I have a dilemma ..should I feed the birds or not? The logical part of me says no- native birds need to be able to look after themselves, feeding them only encourages the population to breed more than the natural food supply will support. On the other hand, when all the little finches line up outside the kitchen window in the snow and watch me eating my porridge.... Anyway, this handsome fellow - feeding himself , was originally photographed by Steve Attwood. (Thanks for letting me use your photo as a reference).
Last night our little school held it's annual Matariki walk. The children were all very excited, having made their own beautiful paper lanterns to carry. We all walked down to Lake Rotoiti - what a sight! A string of jewel like lights trailing along in the pitch black(we don't have many street lights). It was freezing cold and hard to hold the camera still- hence the special effects! When we reached the lake they lit some bigger lanterns which were released to sail off over the lake. What a beautiful way to start the New Year.
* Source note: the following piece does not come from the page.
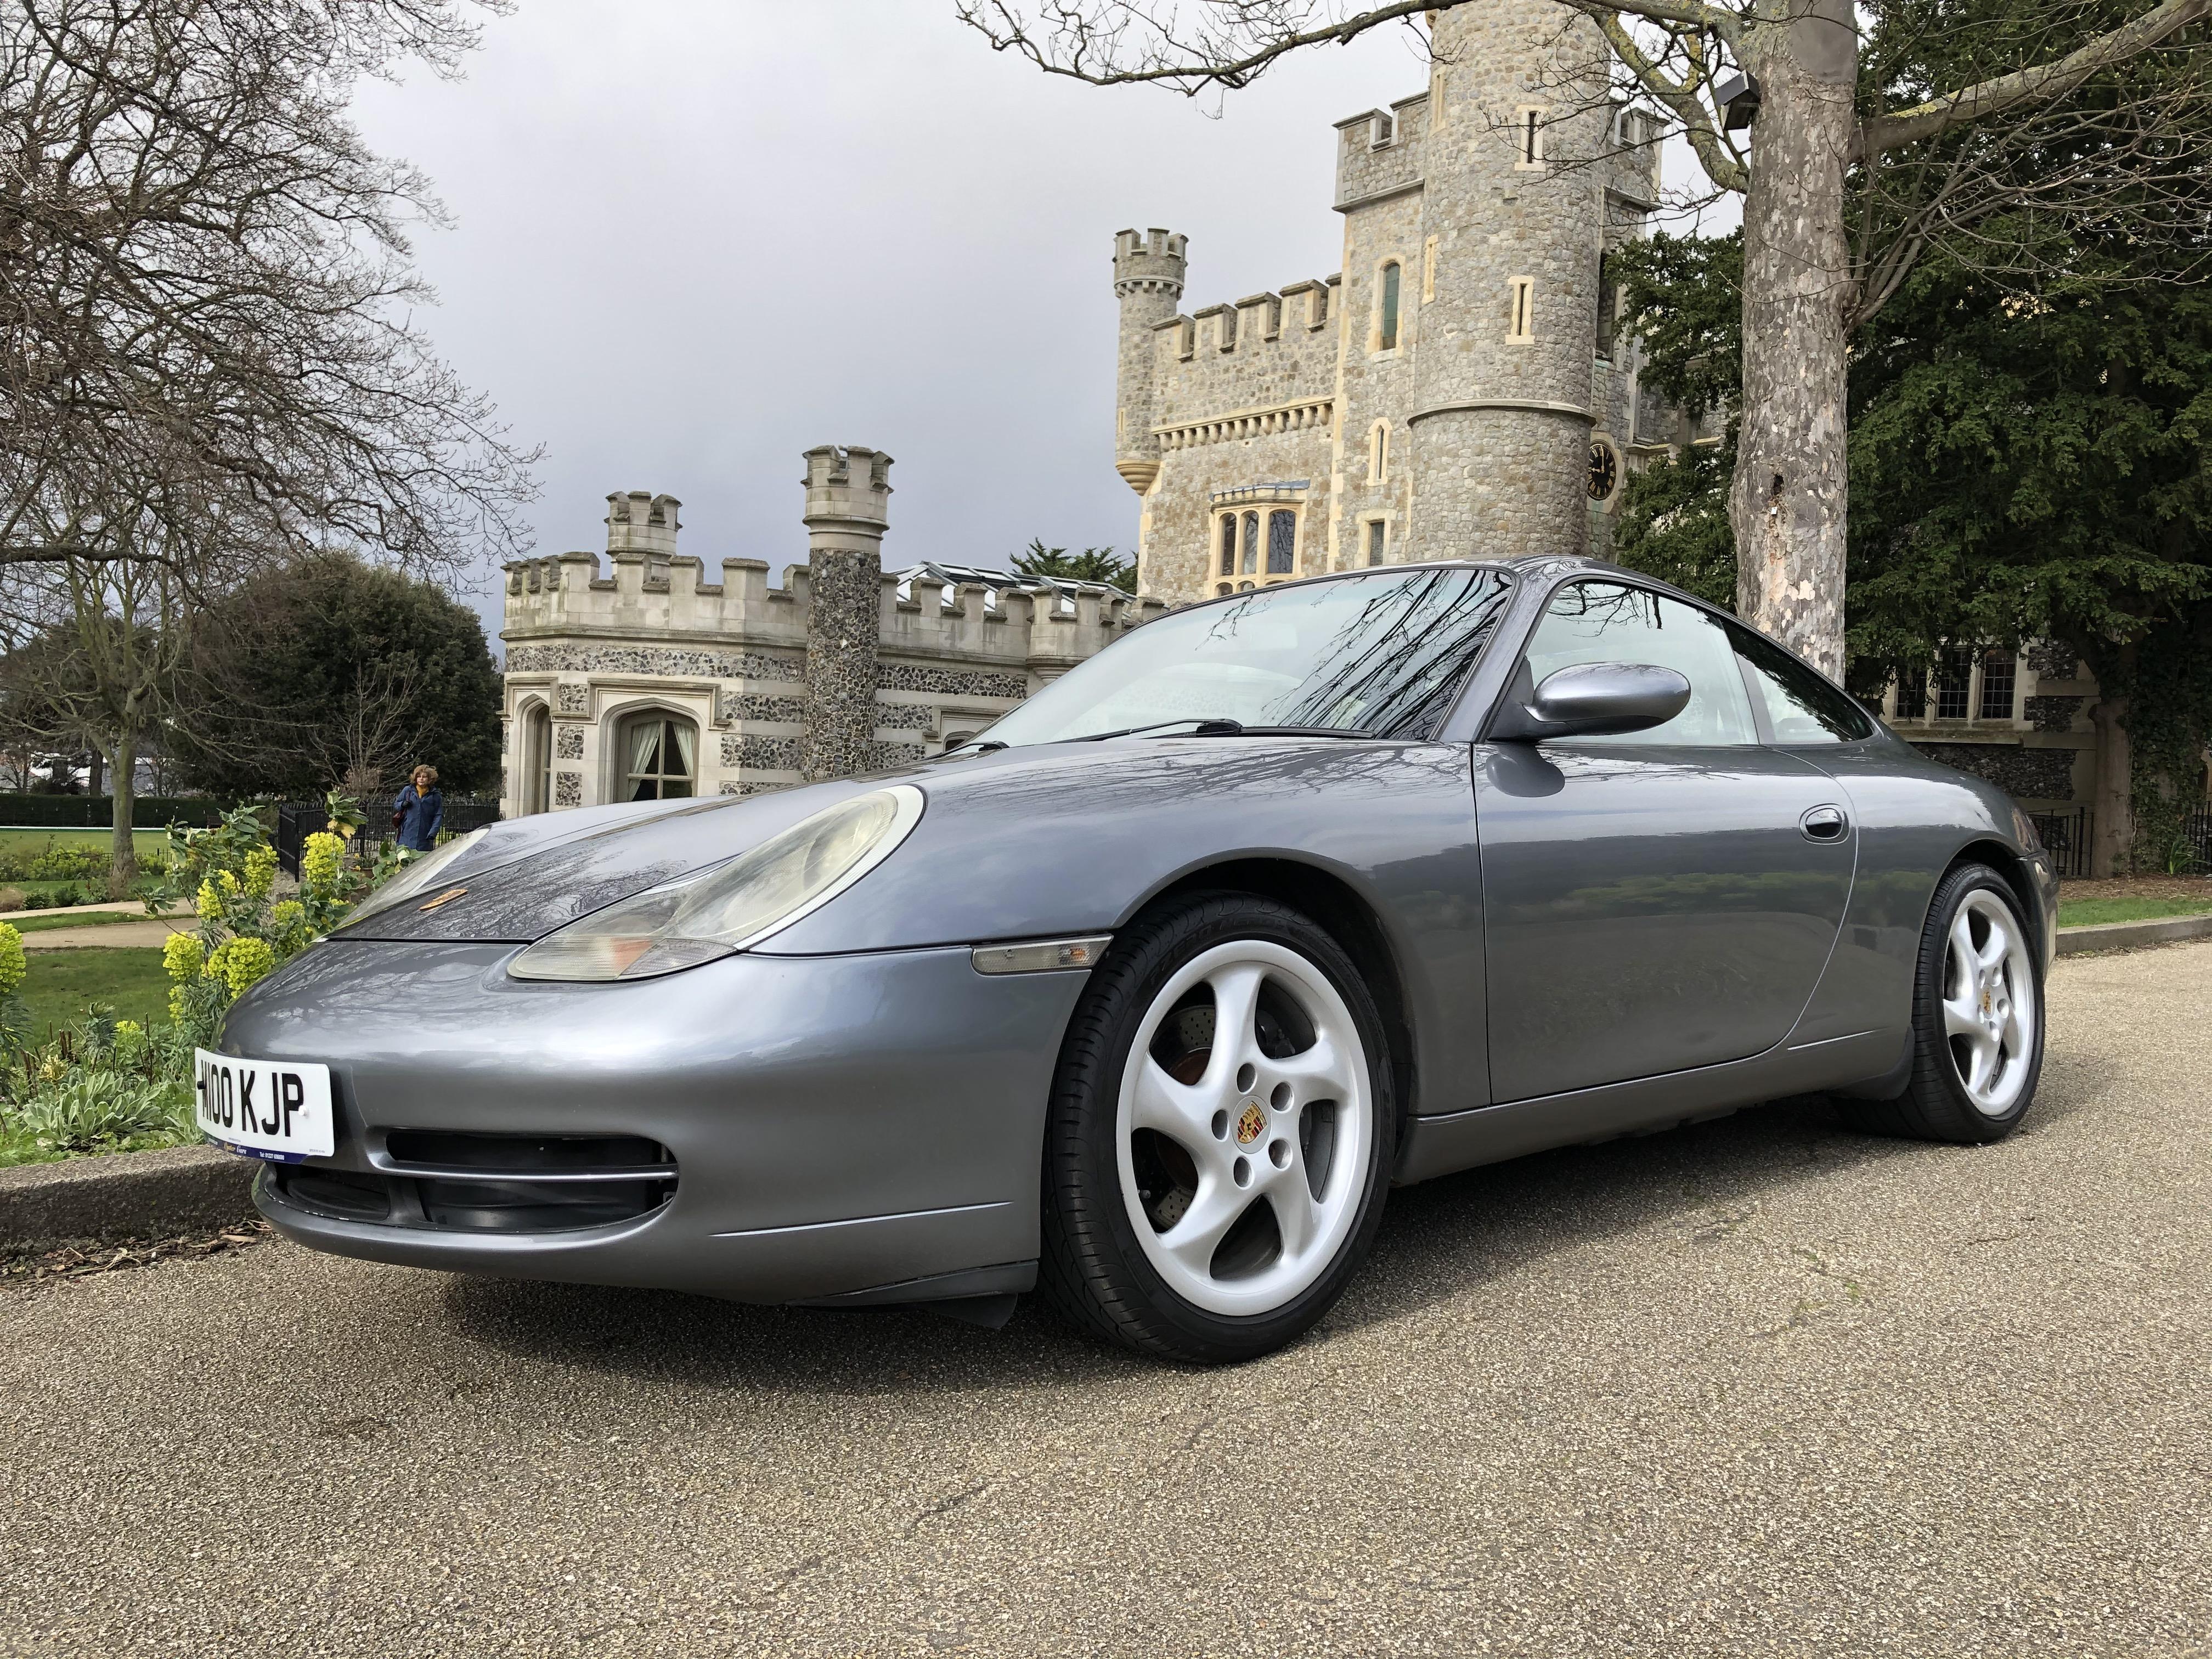 Porsche 911 056

At the watercolour workshop I took last weekend one of the topics we covered was perspective. When I ran an earlier workshop I felt I'd dealt really badly with this. It's a subject which can reduce many painters(including me) to gibbering wrecks! . Why is it such a scary thing? I think it's very easy to turn perspective into a mathematical exercise ( I was taught by one tutor who spent ages drawing lines and angles to explain perspective, and the only thing it did for me was give me a headache!). I lay awake last night trying to come up with a simple explanation and here is the result:
Imagine that you're standing looking at a building. Remember that the (imaginary) horizon is always at your eye level and that the imaginary vanishing point is directly opposite you on this horizon line. If the wall of the building is facing you, any horizontal lines on it (guttering, roof ridge) will always be horizontal. If the wall is leading away from you, any of it's horizontal lines ABOVE your eye level will slope DOWN to the vanishing point on the horizon. Any of it's horizontal lines BELOW your eye level will slope UP to the vanishing point on the horizon. I still say it's best just to measure and compare what the lines are actually doing in relation to each other, but it's good to have in your mind what they should be doing. I hope this helps.